Bulk loader crashes during reduce phase

Hi,
No error like Request size offset 18905107590 is bigger than maximum offset 4294967295 github.com/dgraph-io/badger/v2.(*valueLog).validateWrites with the PR(batch write),

However,
we got a new error like this topic : About bulk load failed with 10000-thread limit - #5 by mrjn

runtime: program exceeds 10000-thread limit

@omar
Hi , did batch the list before writing may cause go max thread limit for write too many times?

@jgoodall The following link contains dgraph master built with jemalloc (to improve memory usage). The binary needs jemalloc installed and the README.md file in the following link contains the instructions.
https://drive.google.com/drive/folders/1mZkteCjB7S-yBpjfj-TRbSTaL71UWRb0?usp=sharing

If you prefer to use docker image, you can use

docker pull jarifibrahim/dgraph:reduce-jemalloc

This docker image has jemalloc with latest dgraph binary.
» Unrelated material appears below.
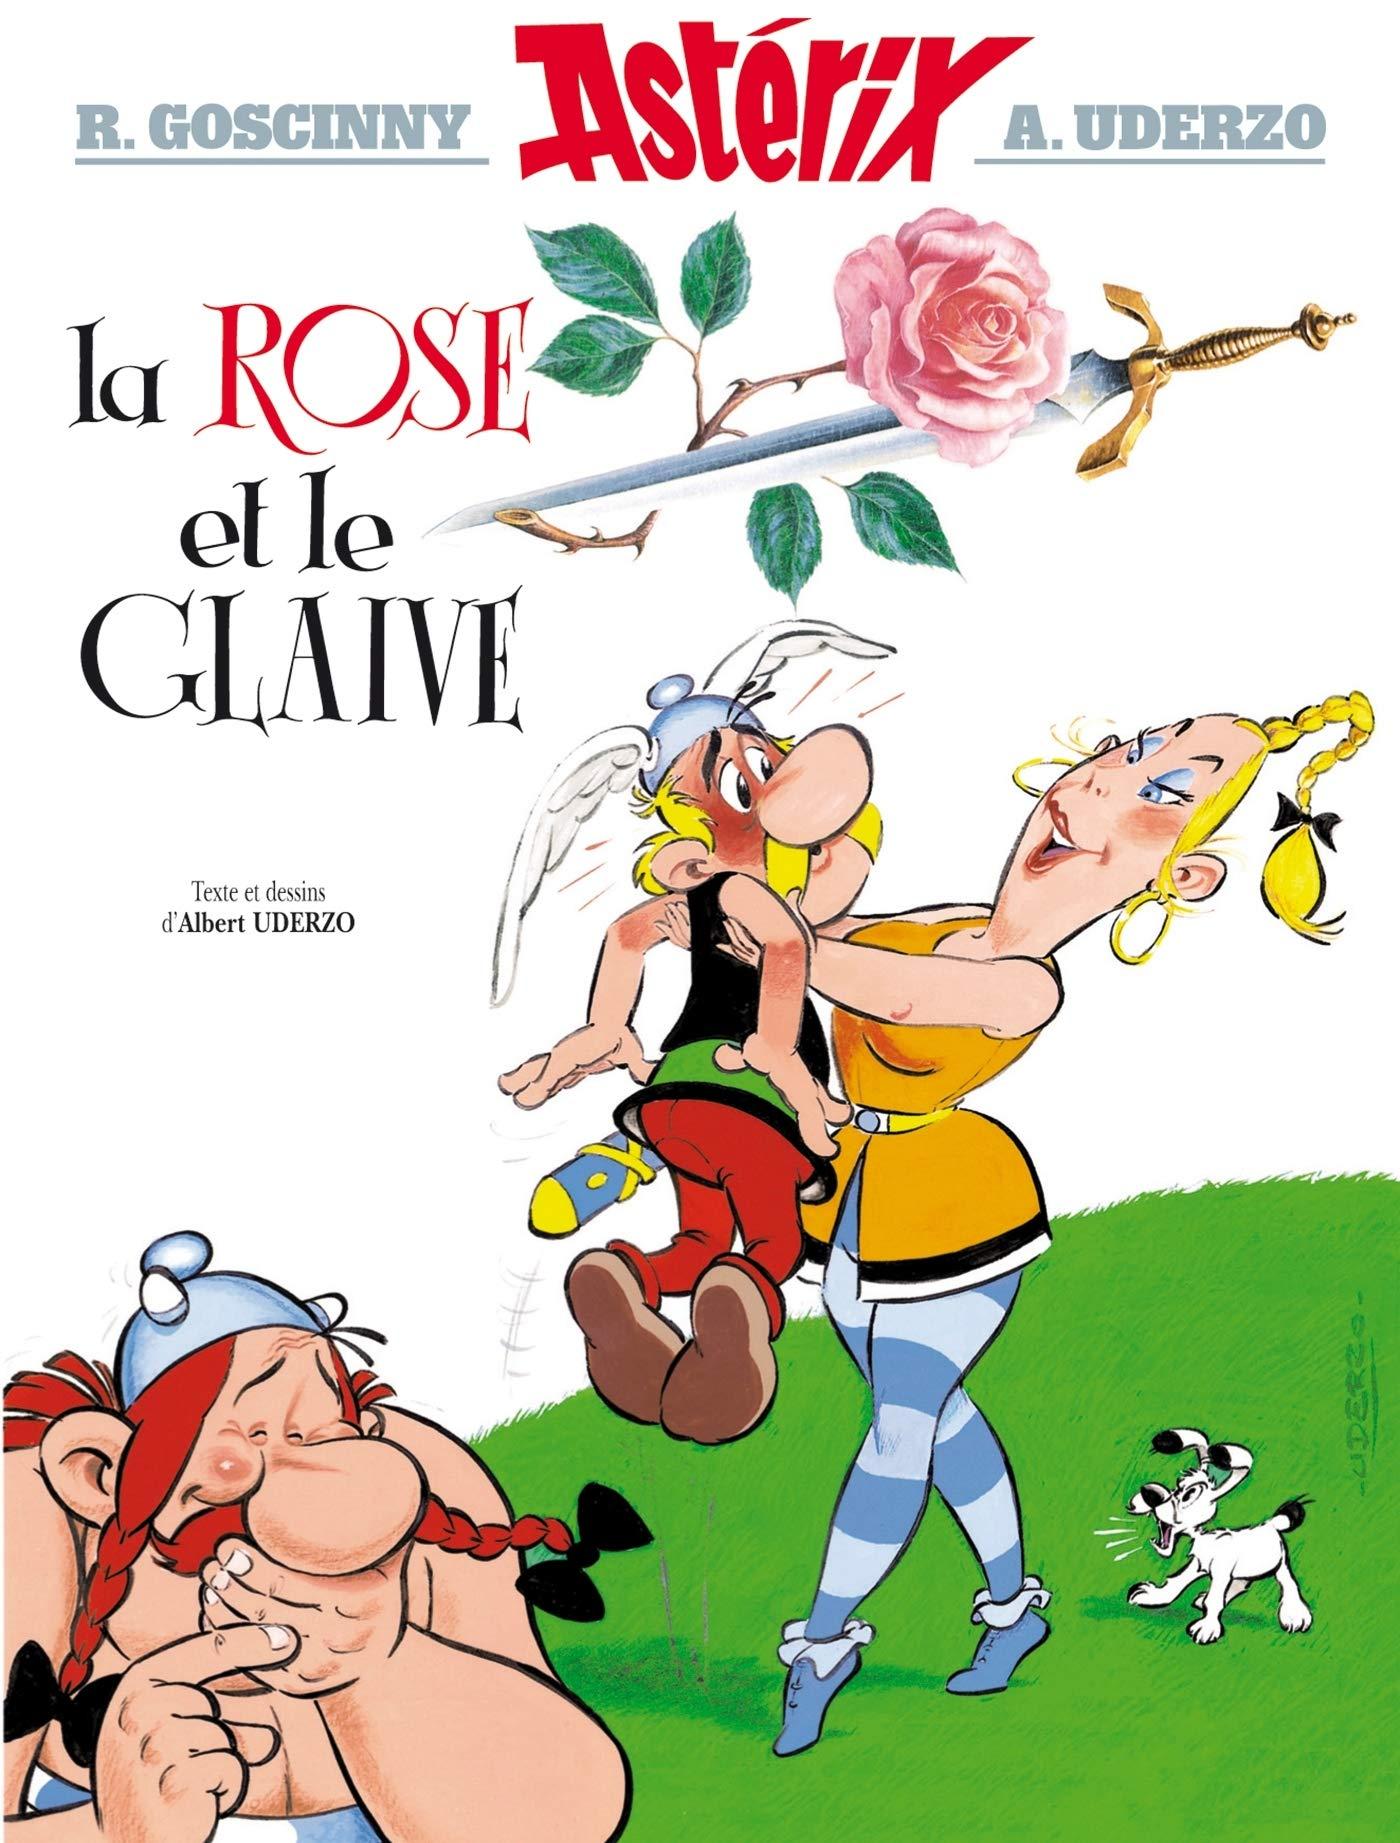 Asterix 29  La Rose Et Le Glaive  Francés

@BlankRain No, that’s not expected. Does this error runtime: program exceeds 10000-thread limit show up on previous releases too? or does it show up only on the latest one?
The number of threads would also depend on how many shards you have configured. I suggest you try running the binary I’ve shared and see if that helps.

Thank you ,I add a param for setting the go max thread numbers. then reload data with a bigger number, it works.

@ibrahim – using the build with jemalloc appears to solve the out of memory issue!

If this patch included the PR that @omar described previously (Bulk loader crashes during reduce phase - #18 by omar) then I think the original panic caused by badger and the out of memory issue are both fixed, but that is assuming the PR was part of the patch @ibrahim posted (Bulk loader crashes during reduce phase - #25 by ibrahim).

@jgoodall The PR
https://github.com/dgraph-io/dgraph/pull/6312

will be part of next dgraph patch release. The patch release will fix the crash but it might not have significant memory improvments.

As for the jemalloc changes, they will be part of dgraph v20.11 release in november. v20.11 will fix the crash and also improve the memory usage.

That is great - looking forward to the next minor release!

2 Likes

@ibrahim I tested with jemalloc feature . It works well. The memory cost is stable.

2 Likes

Awesome! Thanks for testing it @BlankRain :tada:

Is this still planned for the upcoming v20.11 release?